It ought to be noticed that the representations of the Sacred Tree in art become particularly frequent under the Sargonidæ. According to Mr. Boscawen, the symbolical image of the Tree between the two genii is not found prior to the ninth century before our era; 2 and, with rare exceptions, is met with on Assyrian, not on Babylonian monuments. Now it was especially at the time of the Sargonidæ or at least during the second Assyrian empire, that Istar was placed beside Assur as a divinity of the first rank.

There remains to be seen what could have given the Semites the idea of representing by a tree their Great Goddess of Nature. I will here call attention to the interesting essay which Mr.
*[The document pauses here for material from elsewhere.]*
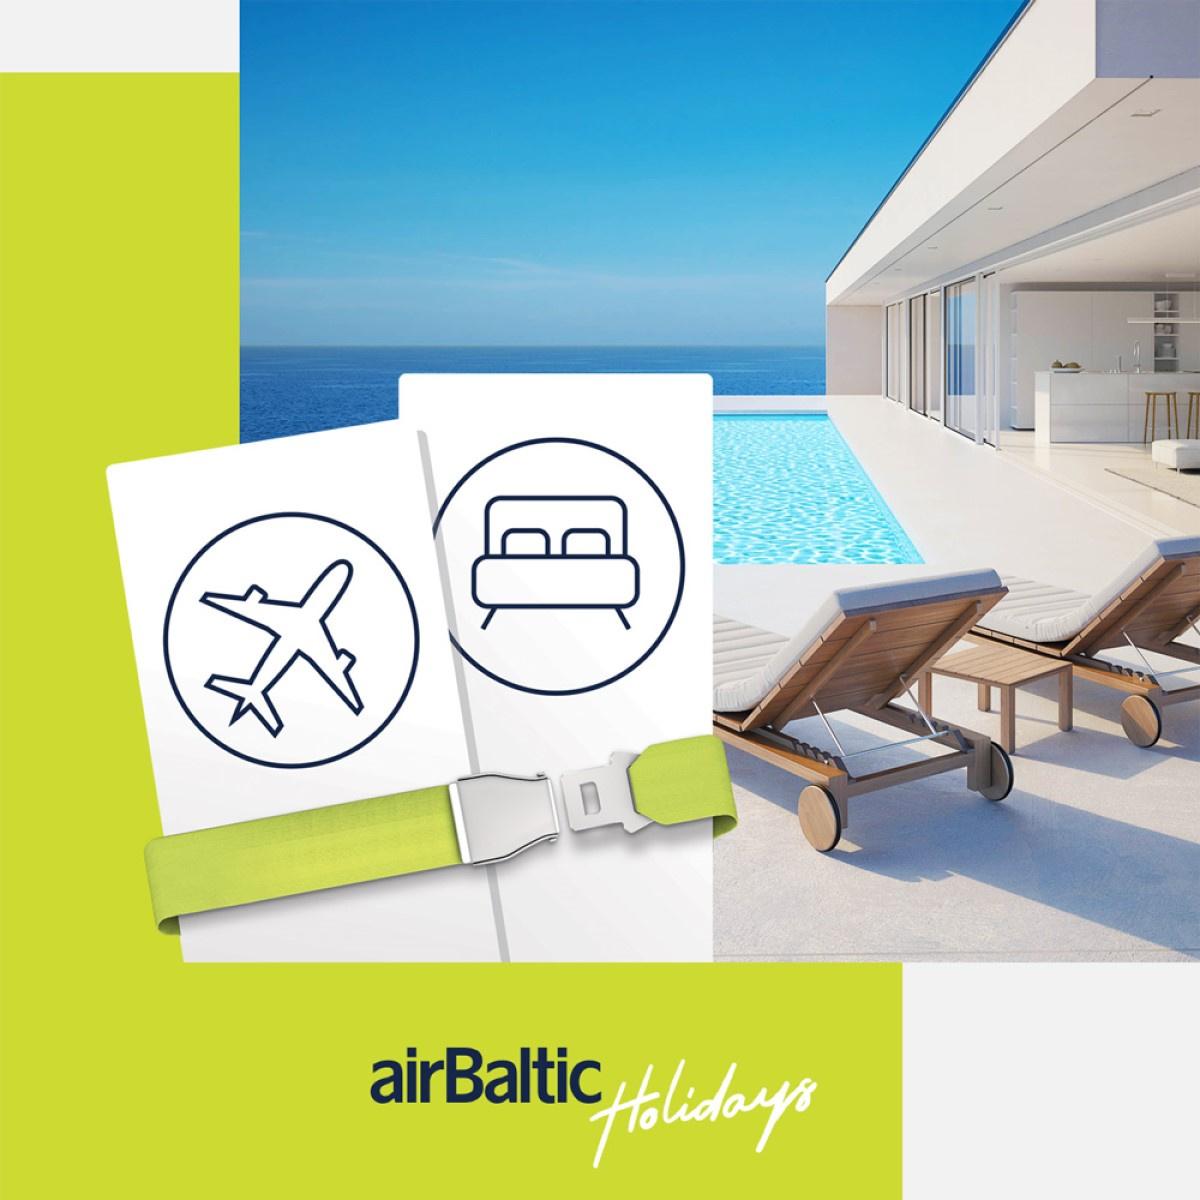 Broneerige lennud koos hotelliga airBalticHolidays.com kaudu image

Edw. B. Tylor published in the Proceedings of the Society of Biblical Archæology of June, 1890, under the title of Winged Figures of the Assyrian and other ancient Monuments. The learned Oxford professor points out that in by far the greater number of cases the Sacred Tree of the Assyrian monuments exhibits the form of the palm, and also that the two genii seem to hold towards the tree the point of a conical object, with a reticulated surface, exactly similar to the inflorescence of the male palm. On a bas-relief in the Louvre one of the genii is even seen putting this object into one of the palmettes at the end of the branches.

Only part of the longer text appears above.